**Data for review:**
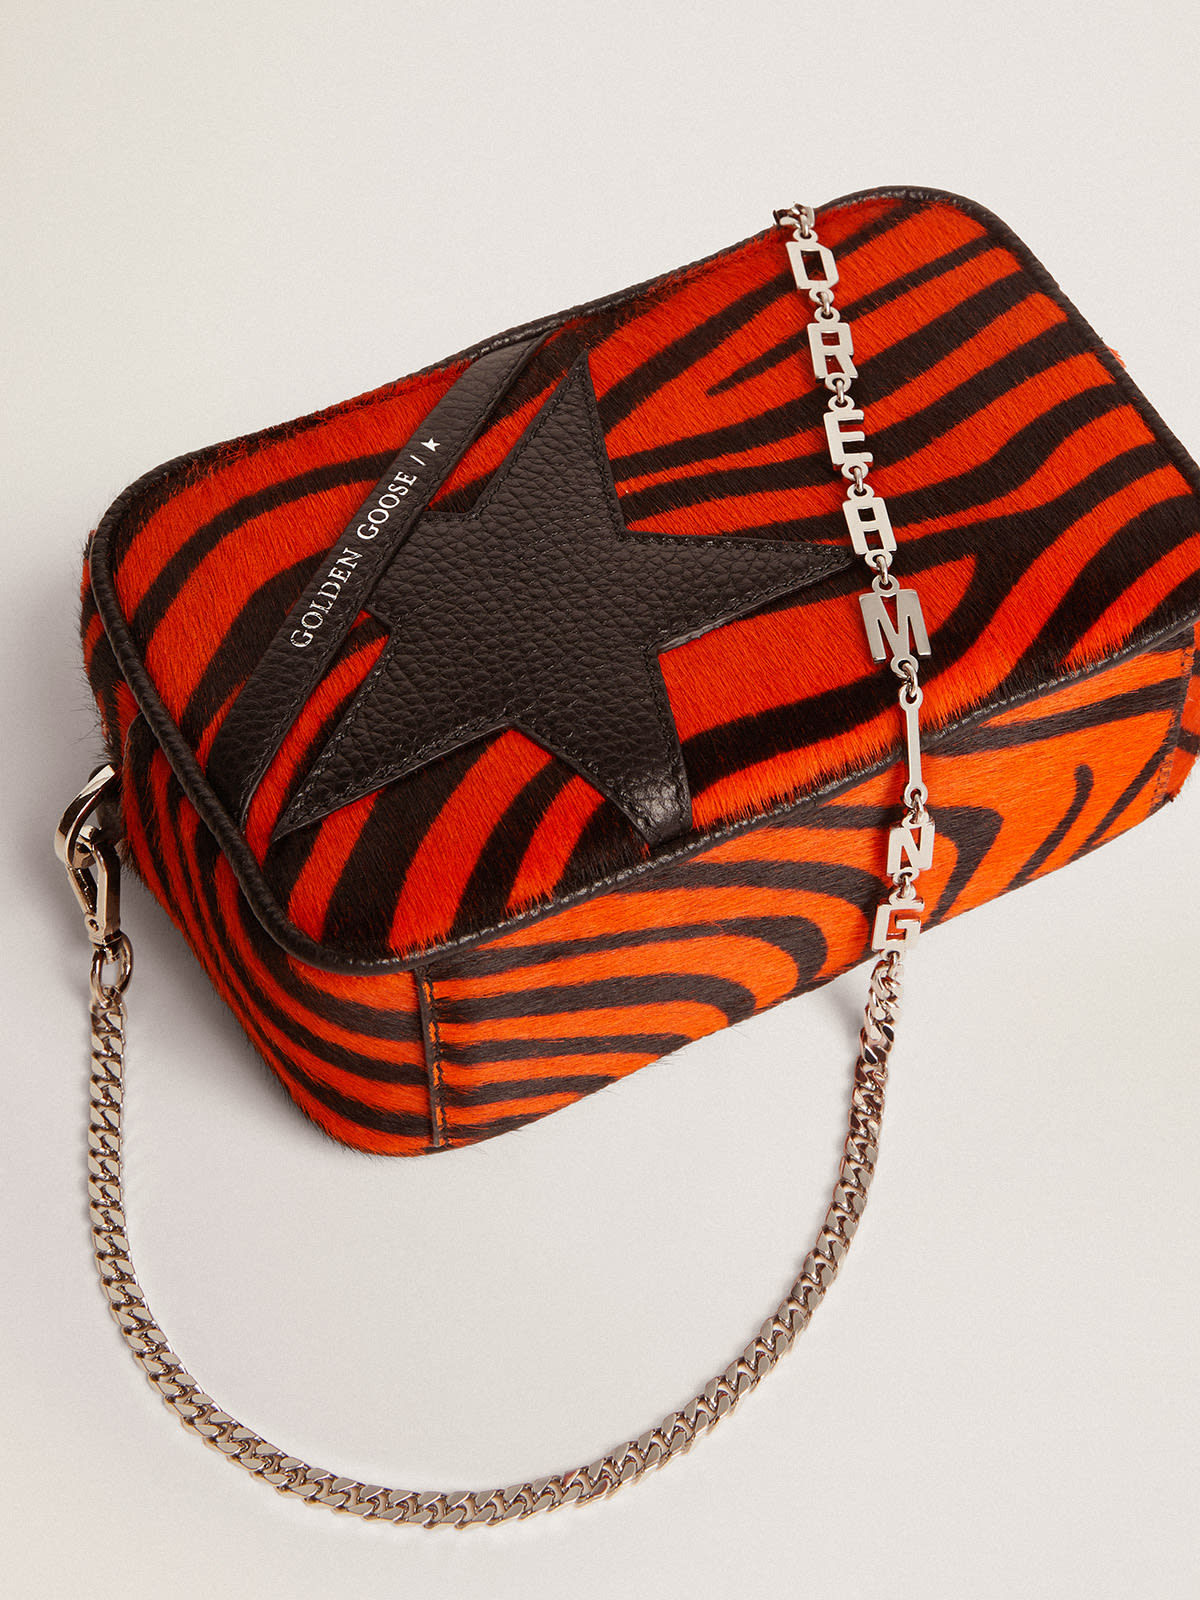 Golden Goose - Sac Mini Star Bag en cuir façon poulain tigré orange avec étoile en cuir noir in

* * *

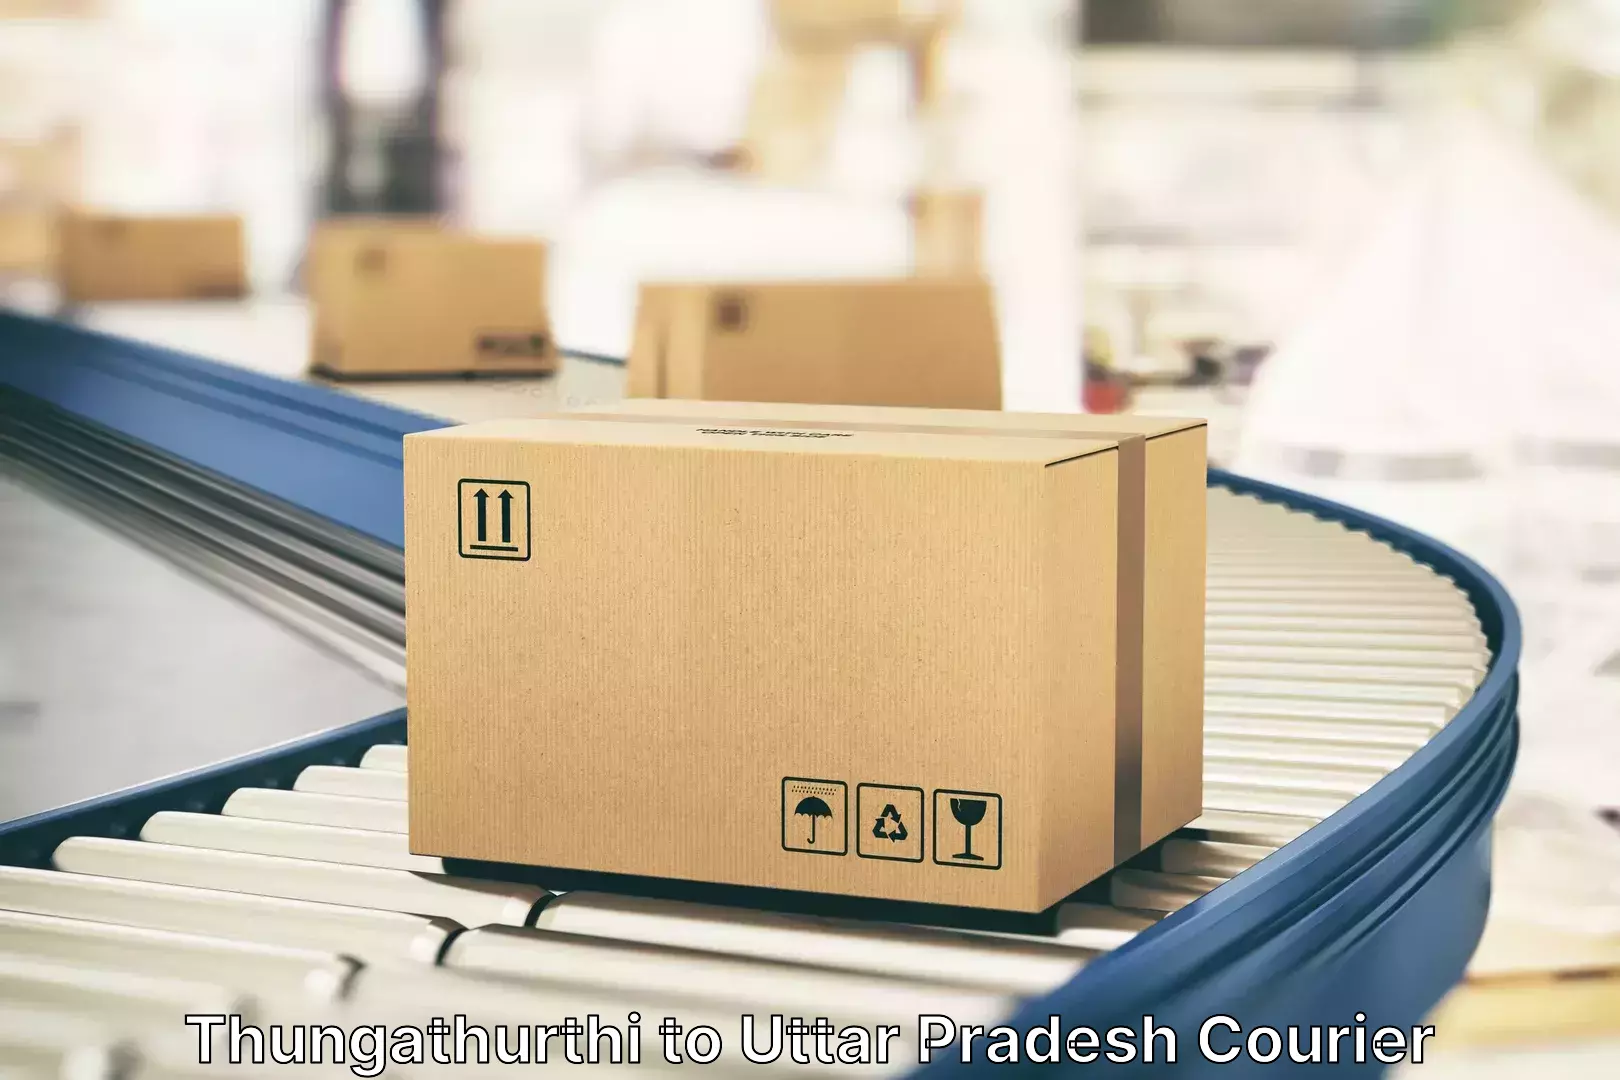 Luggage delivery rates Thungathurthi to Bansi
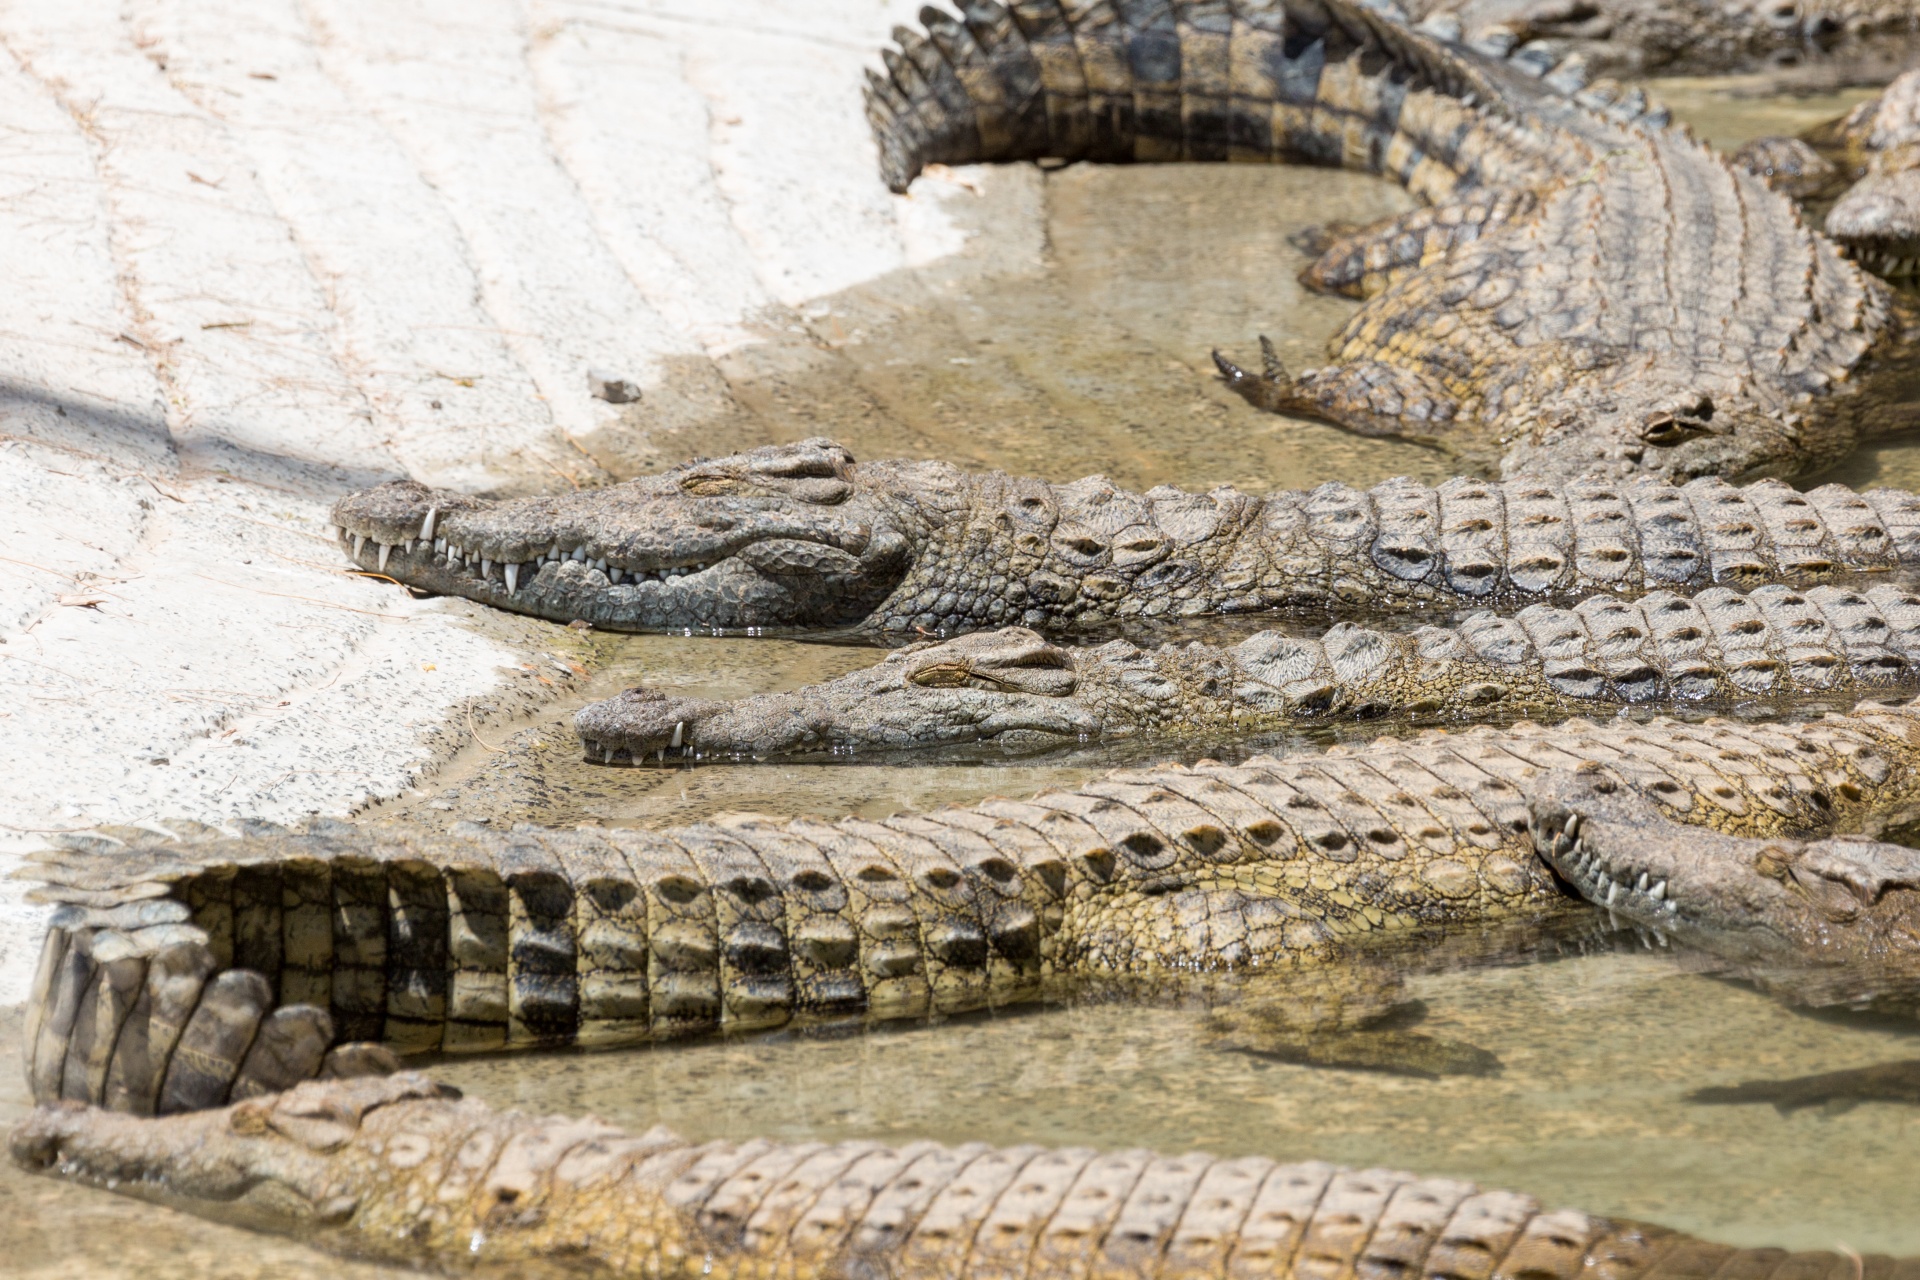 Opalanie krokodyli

...

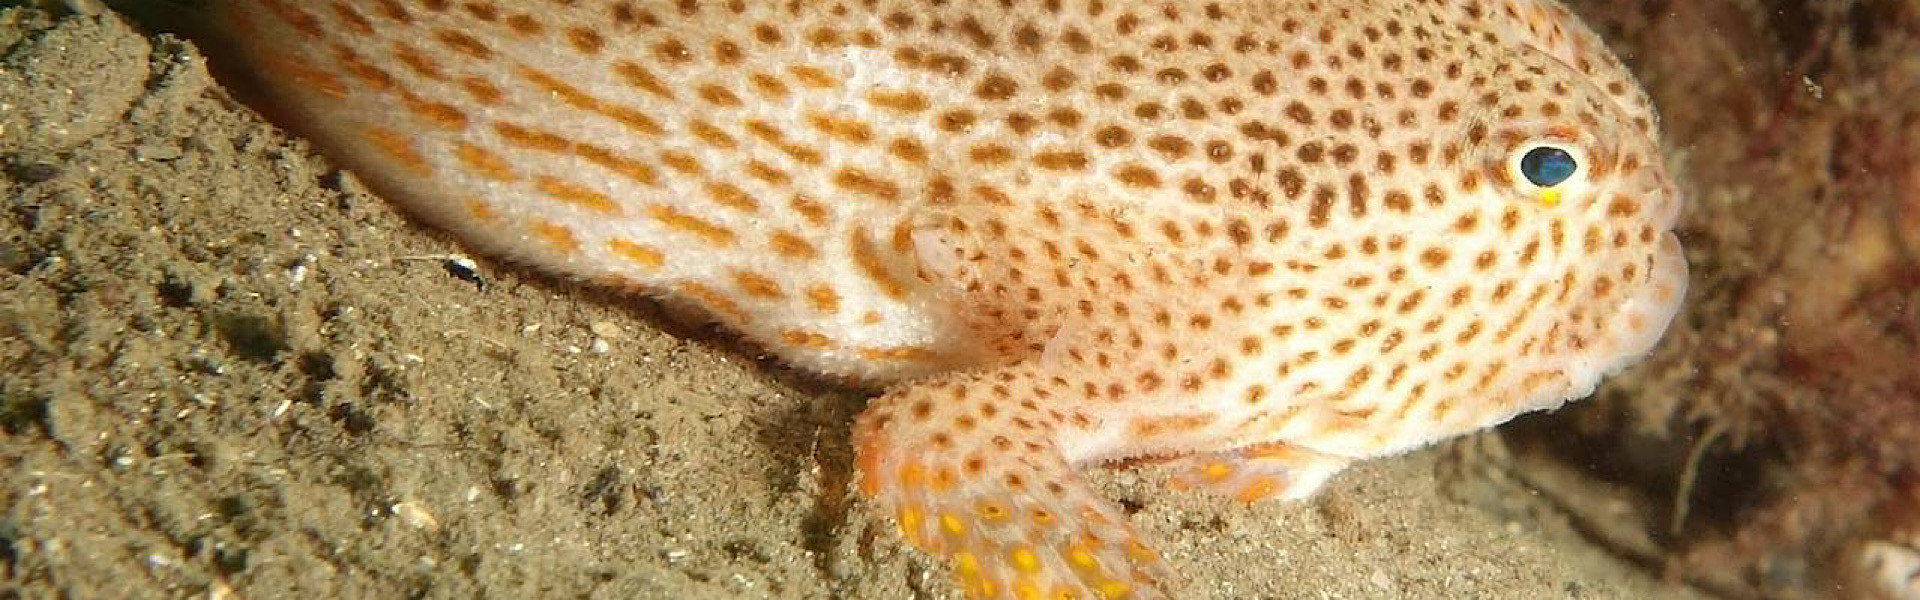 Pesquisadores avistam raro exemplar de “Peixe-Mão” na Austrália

**What you will do:**
In the listing above, find the line with "Luggage delivery rates" and the line with "Opalanie krokodyli". Copy both of them and every line between, exactly, but not the pictures.

**Reply:**
 Luggage delivery rates Thungathurthi to Bansi
 Opalanie krokodyli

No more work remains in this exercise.